Elle invite en tout cas à ne pas se représenter Dieu Providence comme un ingénieur informaticien plein de bonne volonté mais dépassé par le programme qu'il a mis en place ou coincé par lui, en sorte qu'il ne sert à rien de le supplier de faire encore des miracles. Confesser la Providence, dès lors, c'est faire de sa vie une réponse au Don créateur. Ce n'est plus Dieu qui est sommé de répondre (d'ailleurs, il ne répond pas, comme le clame le titre du livre de Patrick Royannais), c'est l'homme qui répond, comme Abraham, comme le psaume 40 : « Me voici ! » La prière, en rigueur de termes, n'est pas un dialogue avec Dieu. Elle est d'abord un cri qui, peu à peu, s'articule en réponse – une réponse qui peut d'ailleurs être muette puisqu'elle est d'abord un acte, une conformation de l'être, une ouverture de l'être pour recevoir le Don. La parole de Dieu s'entend dans la réponse, même muette, de l'homme.

Prier, c'est laisser l'Esprit respirer en soi, prier en soi, venir au secours de notre esprit, comme dit saint Paul. Le seul qui prie vraiment, c'est le Christ. Car le corps du Christ habité par l'Esprit, rendu à la vie par l'Esprit du Père, c'est l'Église. Jésus sans son corps n'est pas l'Église. Nous sommes le corps du Christ, mais le corps dont le Christ est la tête. Le corps priant du Christ.

Ainsi résumées, ces affirmations peuvent paraître un peu abstraites. Patrick Royannais les illustre merveilleusement par sa manière de déchiffrer l'Écriture (l'épître aux Hébreux, le récit de la Samaritaine), de donner la parole à saint Augustin ou à saint Jean Chrysostome aussi bien qu'à Raymond Devos.

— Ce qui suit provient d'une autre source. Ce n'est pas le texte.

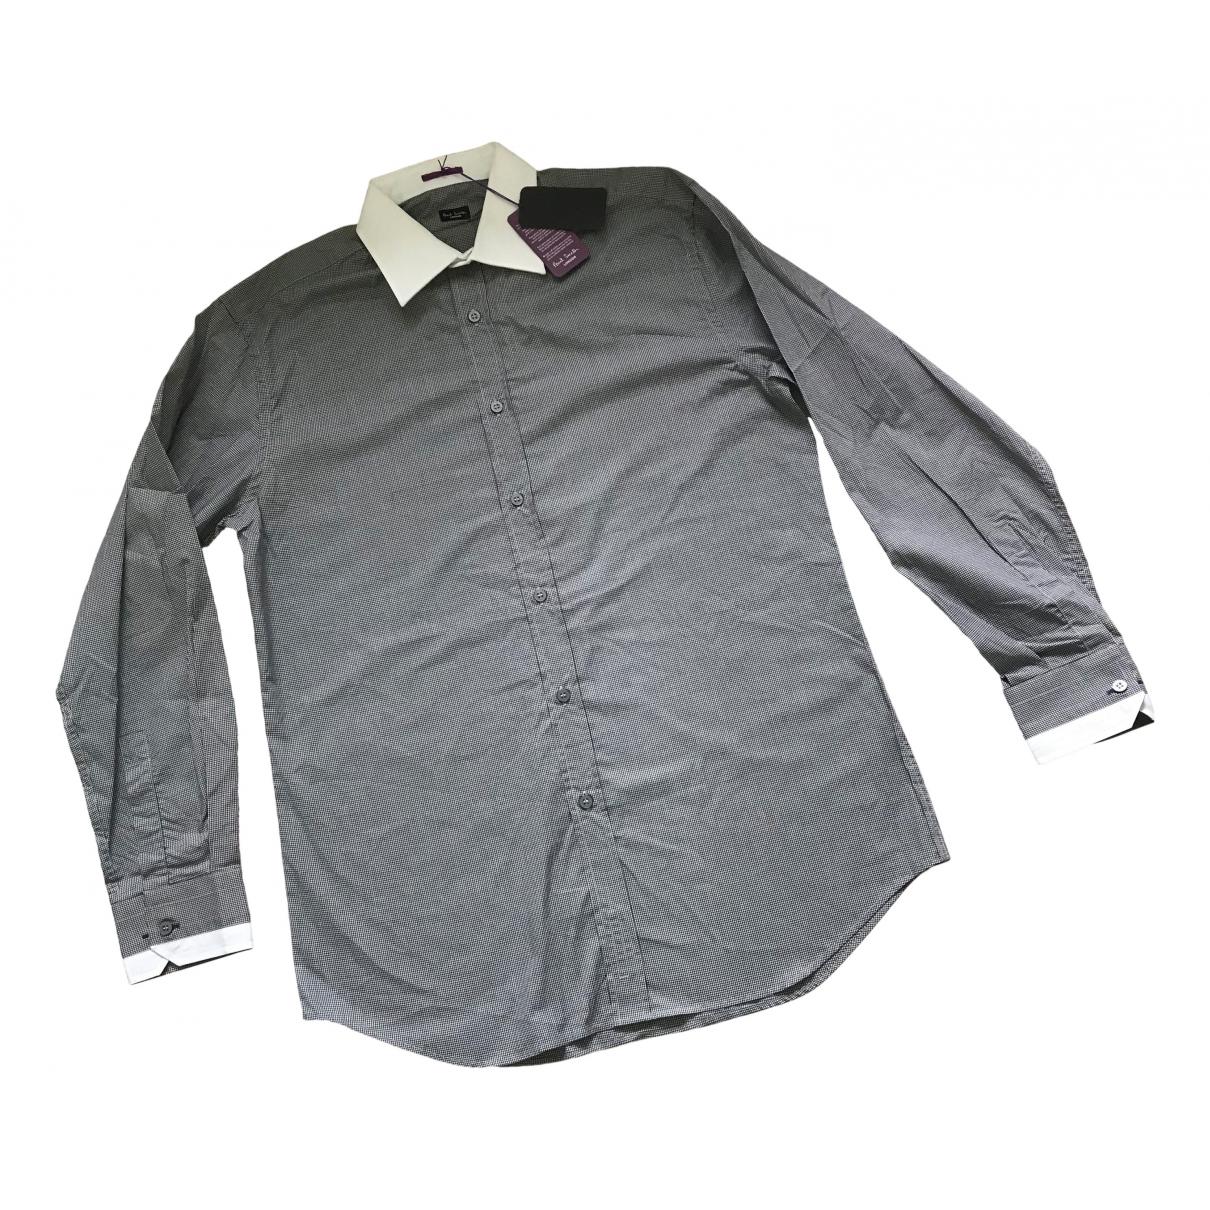 Paul Smith \N Multicolour Cotton Shirts for Men 15.5 UK - US (tour de cou / collar)

La prière, en fin de compte, loin des attitudes magiques qui sont spontanément les nôtres, est une manière d'« exciter en nous le désir de Dieu ». Il ne s'agit pas de combler le désir, à plus ou moins de frais, mais de le laisser se renouveler sans cesse, à nos risques et périls. L'orant est soumis à la douleur du manque, comme un grand vide, une blessure, « seule trace, avec l'amour des frères, de Celui qui se dresse à l'Orient ». Pour dire Dieu, il n'y a pas de mots, seulement l'amour des frères.

Il y a longtemps qu'une invitation à la prière aussi vigoureuse, provocante parfois, aussi rigoureusement articulée et aussi actuelle, n'était apparue dans l'édition de langue française. L'auteur lui-même prévient : le premier chapitre peut paraître difficile par endroits (c'est son éditeur qui a dû le lui faire remarquer). Mais que le lecteur ne se décourage pas : il peut passer directement, sans trop de dommage, au deuxième chapitre. Et là, il ne se relèvera pas qu'il n'ait fait l'épreuve de la bénédiction.